**GIVEN INFORMATION**.
>>>>>
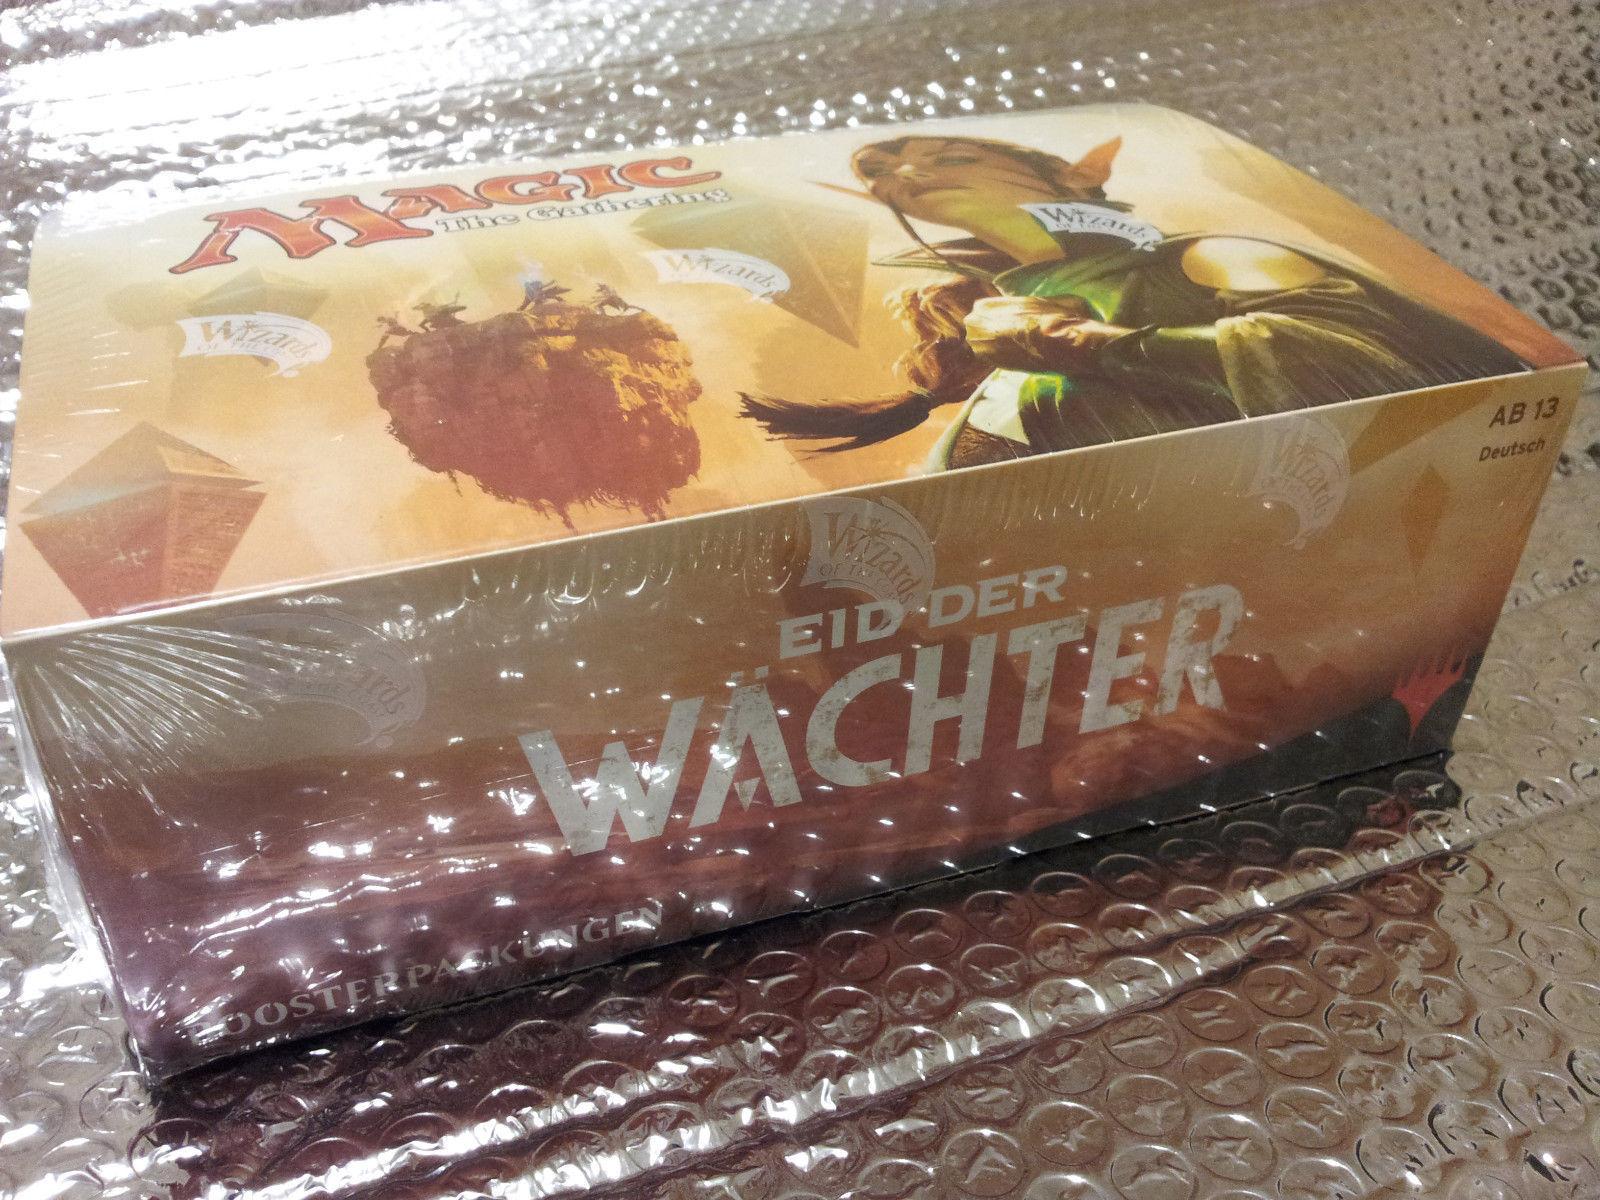 GERMAN Magic MTG Oath of the Gatewatch Gatewatch Gatewatch OGW Factory Sealed Booster Box Gathering d33230
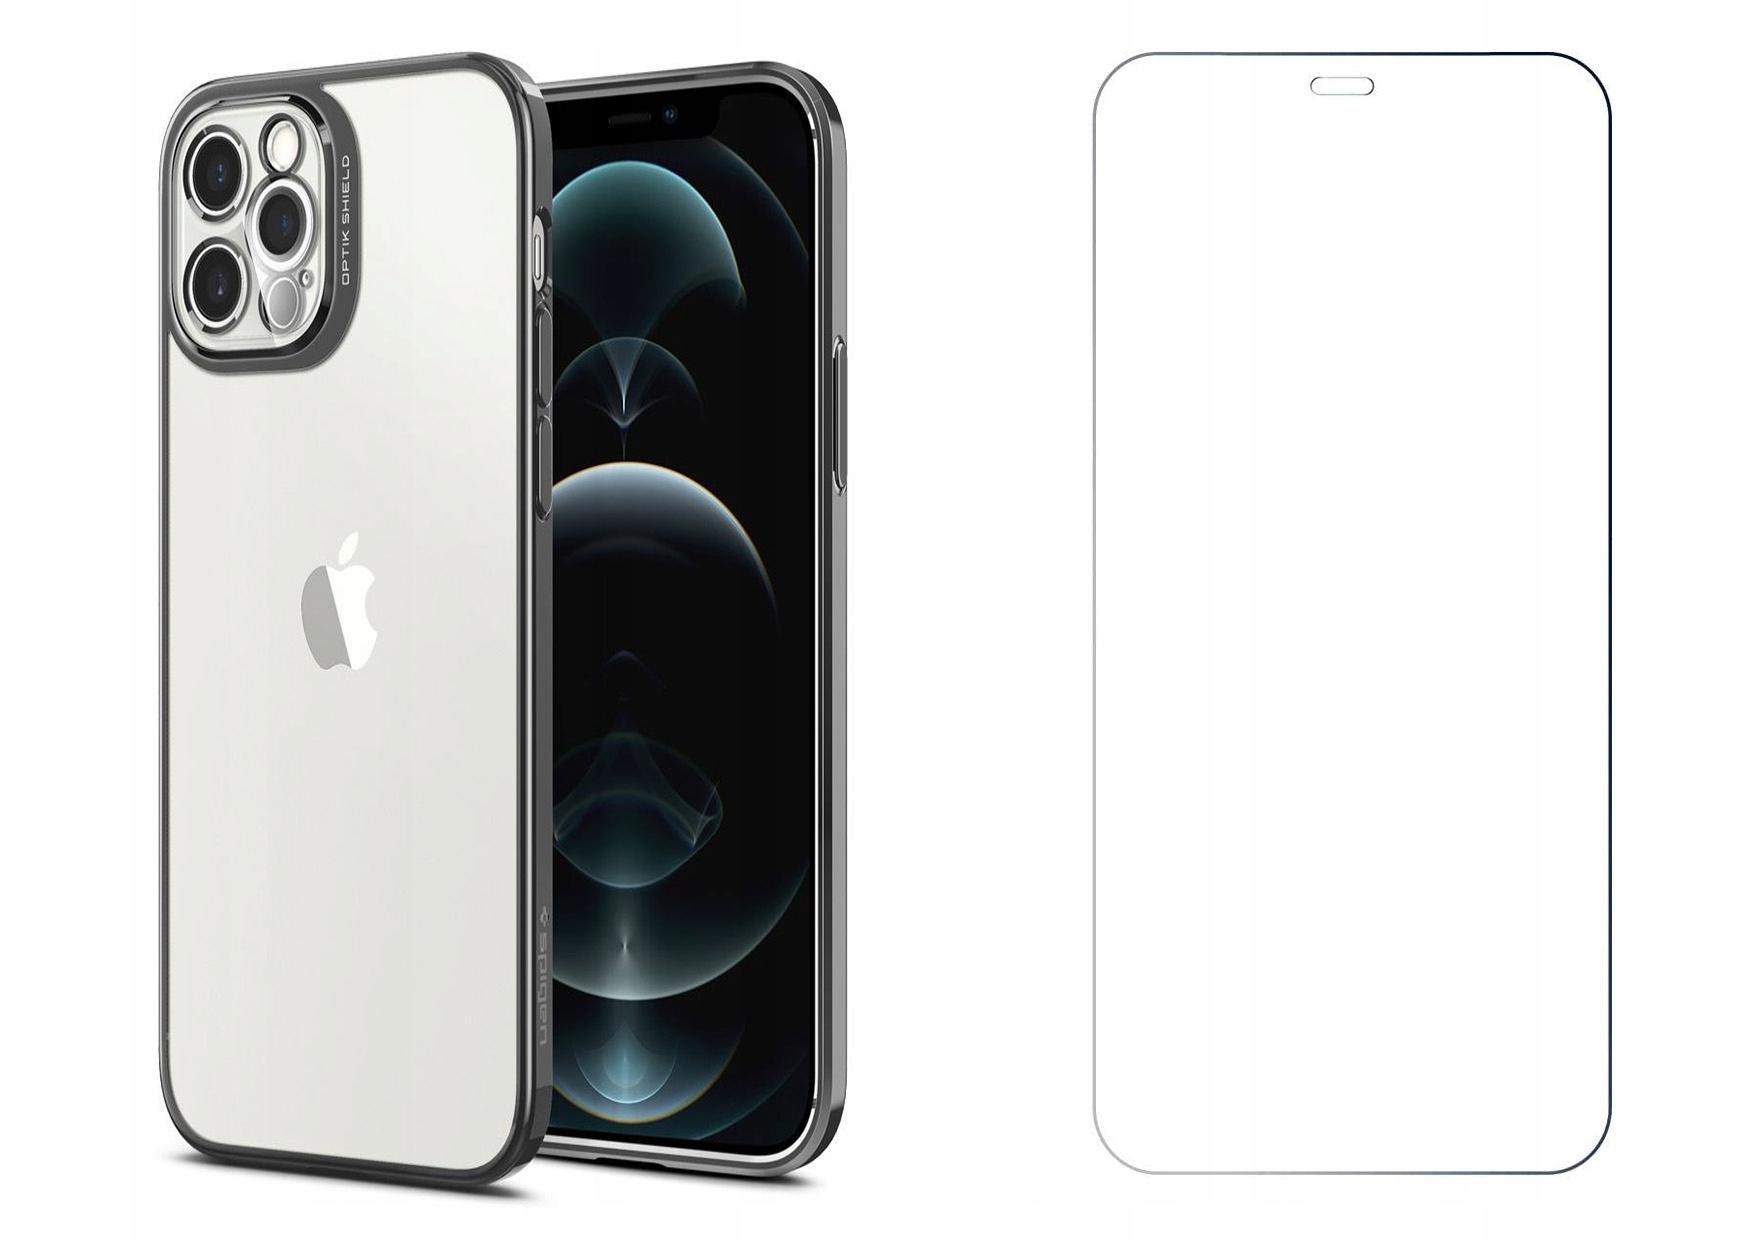 Etui Spigen Optik Crystal + Szkło do iPhone 12 Pro
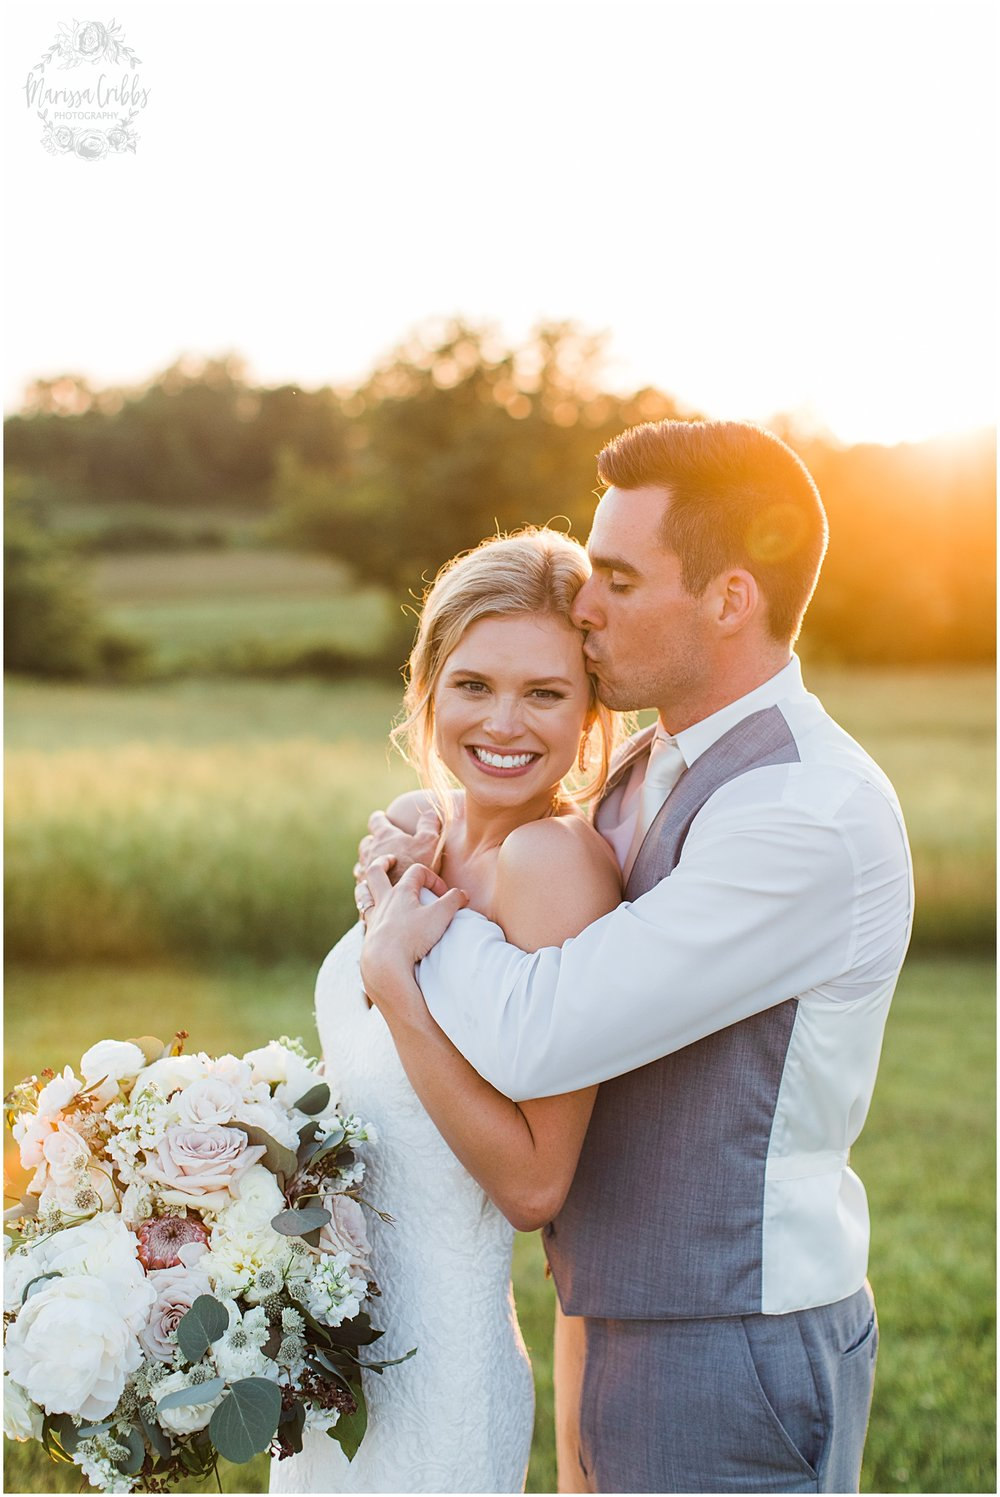 RHODES WEDDING | WESTON RED BARN FARM | MARISSA CRIBBS PHOTOGRAPHY_5320.jpg
<<<<<
**GOAL OF THE EXERCISE**. Before writing out the material above, please remove its pictures; everything else stays exact.

**RESULT**.
 GERMAN Magic MTG Oath of the Gatewatch Gatewatch Gatewatch OGW Factory Sealed Booster Box Gathering d33230
 Etui Spigen Optik Crystal + Szkło do iPhone 12 Pro
 RHODES WEDDING | WESTON RED BARN FARM | MARISSA CRIBBS PHOTOGRAPHY_5320.jpg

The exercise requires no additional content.